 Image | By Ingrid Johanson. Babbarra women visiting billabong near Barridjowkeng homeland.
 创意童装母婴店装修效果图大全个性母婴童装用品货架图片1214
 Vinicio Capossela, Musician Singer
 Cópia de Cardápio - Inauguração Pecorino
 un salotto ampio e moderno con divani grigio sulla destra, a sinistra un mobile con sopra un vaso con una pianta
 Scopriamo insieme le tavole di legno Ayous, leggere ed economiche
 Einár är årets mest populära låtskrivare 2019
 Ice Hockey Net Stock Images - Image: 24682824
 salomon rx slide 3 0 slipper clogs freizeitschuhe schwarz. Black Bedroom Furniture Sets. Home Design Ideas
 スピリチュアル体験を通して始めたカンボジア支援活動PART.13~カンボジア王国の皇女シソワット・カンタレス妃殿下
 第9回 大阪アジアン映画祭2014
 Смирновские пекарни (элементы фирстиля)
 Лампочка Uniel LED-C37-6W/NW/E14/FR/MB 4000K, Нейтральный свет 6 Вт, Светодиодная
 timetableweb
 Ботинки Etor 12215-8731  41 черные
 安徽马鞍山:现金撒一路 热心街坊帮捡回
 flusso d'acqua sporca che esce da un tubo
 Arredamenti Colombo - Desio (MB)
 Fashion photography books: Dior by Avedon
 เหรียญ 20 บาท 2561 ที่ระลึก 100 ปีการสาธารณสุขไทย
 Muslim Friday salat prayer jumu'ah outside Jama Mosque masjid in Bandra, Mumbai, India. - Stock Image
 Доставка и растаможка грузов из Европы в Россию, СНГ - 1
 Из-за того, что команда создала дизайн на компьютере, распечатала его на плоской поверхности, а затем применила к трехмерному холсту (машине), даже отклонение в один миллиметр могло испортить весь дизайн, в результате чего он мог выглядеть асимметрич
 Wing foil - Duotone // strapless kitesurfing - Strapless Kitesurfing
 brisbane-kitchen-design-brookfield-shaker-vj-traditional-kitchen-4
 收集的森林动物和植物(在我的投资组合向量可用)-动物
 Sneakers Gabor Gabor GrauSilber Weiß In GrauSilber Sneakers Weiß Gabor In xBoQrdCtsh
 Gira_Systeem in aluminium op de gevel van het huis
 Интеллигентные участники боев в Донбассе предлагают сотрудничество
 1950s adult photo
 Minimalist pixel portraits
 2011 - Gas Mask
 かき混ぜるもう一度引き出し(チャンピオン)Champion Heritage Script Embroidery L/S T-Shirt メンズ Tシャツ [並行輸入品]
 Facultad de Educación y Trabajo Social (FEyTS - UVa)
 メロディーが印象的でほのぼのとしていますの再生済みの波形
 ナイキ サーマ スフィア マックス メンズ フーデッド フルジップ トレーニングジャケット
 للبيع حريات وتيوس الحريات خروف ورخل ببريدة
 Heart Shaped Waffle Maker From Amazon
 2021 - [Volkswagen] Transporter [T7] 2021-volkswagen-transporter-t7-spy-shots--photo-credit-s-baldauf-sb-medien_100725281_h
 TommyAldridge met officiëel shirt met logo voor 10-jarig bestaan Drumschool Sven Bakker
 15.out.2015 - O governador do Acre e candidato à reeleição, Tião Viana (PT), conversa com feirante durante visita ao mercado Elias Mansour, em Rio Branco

## TO DO:
From the first line to the last, return the data exactly as written.

## ANSWER TO THE PROBLEM:
 Image | By Ingrid Johanson. Babbarra women visiting billabong near Barridjowkeng homeland.
 创意童装母婴店装修效果图大全个性母婴童装用品货架图片1214
 Vinicio Capossela, Musician Singer
 Cópia de Cardápio - Inauguração Pecorino
 un salotto ampio e moderno con divani grigio sulla destra, a sinistra un mobile con sopra un vaso con una pianta
 Scopriamo insieme le tavole di legno Ayous, leggere ed economiche
 Einár är årets mest populära låtskrivare 2019
 Ice Hockey Net Stock Images - Image: 24682824
 salomon rx slide 3 0 slipper clogs freizeitschuhe schwarz. Black Bedroom Furniture Sets. Home Design Ideas
 スピリチュアル体験を通して始めたカンボジア支援活動PART.13~カンボジア王国の皇女シソワット・カンタレス妃殿下
 第9回 大阪アジアン映画祭2014
 Смирновские пекарни (элементы фирстиля)
 Лампочка Uniel LED-C37-6W/NW/E14/FR/MB 4000K, Нейтральный свет 6 Вт, Светодиодная
 timetableweb
 Ботинки Etor 12215-8731  41 черные
 安徽马鞍山:现金撒一路 热心街坊帮捡回
 flusso d'acqua sporca che esce da un tubo
 Arredamenti Colombo - Desio (MB)
 Fashion photography books: Dior by Avedon
 เหรียญ 20 บาท 2561 ที่ระลึก 100 ปีการสาธารณสุขไทย
 Muslim Friday salat prayer jumu'ah outside Jama Mosque masjid in Bandra, Mumbai, India. - Stock Image
 Доставка и растаможка грузов из Европы в Россию, СНГ - 1
 Из-за того, что команда создала дизайн на компьютере, распечатала его на плоской поверхности, а затем применила к трехмерному холсту (машине), даже отклонение в один миллиметр могло испортить весь дизайн, в результате чего он мог выглядеть асимметрич
 Wing foil - Duotone // strapless kitesurfing - Strapless Kitesurfing
 brisbane-kitchen-design-brookfield-shaker-vj-traditional-kitchen-4
 收集的森林动物和植物(在我的投资组合向量可用)-动物
 Sneakers Gabor Gabor GrauSilber Weiß In GrauSilber Sneakers Weiß Gabor In xBoQrdCtsh
 Gira_Systeem in aluminium op de gevel van het huis
 Интеллигентные участники боев в Донбассе предлагают сотрудничество
 1950s adult photo
 Minimalist pixel portraits
 2011 - Gas Mask
 かき混ぜるもう一度引き出し(チャンピオン)Champion Heritage Script Embroidery L/S T-Shirt メンズ Tシャツ [並行輸入品]
 Facultad de Educación y Trabajo Social (FEyTS - UVa)
 メロディーが印象的でほのぼのとしていますの再生済みの波形
 ナイキ サーマ スフィア マックス メンズ フーデッド フルジップ トレーニングジャケット
 للبيع حريات وتيوس الحريات خروف ورخل ببريدة
 Heart Shaped Waffle Maker From Amazon
 2021 - [Volkswagen] Transporter [T7] 2021-volkswagen-transporter-t7-spy-shots--photo-credit-s-baldauf-sb-medien_100725281_h
 TommyAldridge met officiëel shirt met logo voor 10-jarig bestaan Drumschool Sven Bakker
 15.out.2015 - O governador do Acre e candidato à reeleição, Tião Viana (PT), conversa com feirante durante visita ao mercado Elias Mansour, em Rio Branco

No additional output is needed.